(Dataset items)
===
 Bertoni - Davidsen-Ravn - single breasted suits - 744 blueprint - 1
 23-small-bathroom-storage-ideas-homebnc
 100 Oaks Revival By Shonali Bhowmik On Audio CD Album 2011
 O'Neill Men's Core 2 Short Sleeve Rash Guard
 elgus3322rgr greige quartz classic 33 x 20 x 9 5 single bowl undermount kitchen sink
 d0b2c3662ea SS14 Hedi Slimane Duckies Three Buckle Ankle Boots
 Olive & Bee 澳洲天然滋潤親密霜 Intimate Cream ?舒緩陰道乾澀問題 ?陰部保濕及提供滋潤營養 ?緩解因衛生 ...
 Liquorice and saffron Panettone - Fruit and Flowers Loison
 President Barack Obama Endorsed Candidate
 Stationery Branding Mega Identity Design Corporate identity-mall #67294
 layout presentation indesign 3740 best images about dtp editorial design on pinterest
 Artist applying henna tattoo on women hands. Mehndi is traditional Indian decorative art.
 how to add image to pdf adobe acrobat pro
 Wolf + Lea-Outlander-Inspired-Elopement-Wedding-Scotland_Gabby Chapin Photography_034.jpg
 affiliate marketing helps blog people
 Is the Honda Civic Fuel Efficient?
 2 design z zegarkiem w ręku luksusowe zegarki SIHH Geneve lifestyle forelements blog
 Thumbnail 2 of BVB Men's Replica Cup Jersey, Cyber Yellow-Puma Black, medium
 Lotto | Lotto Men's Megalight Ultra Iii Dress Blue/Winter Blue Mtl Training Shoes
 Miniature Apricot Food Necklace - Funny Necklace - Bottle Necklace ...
===
EXERCISE DESCRIPTION —
Copy all lines from the data above that contain the word "blog".

ANSWER SECTION —
 affiliate marketing helps blog people
 2 design z zegarkiem w ręku luksusowe zegarki SIHH Geneve lifestyle forelements blog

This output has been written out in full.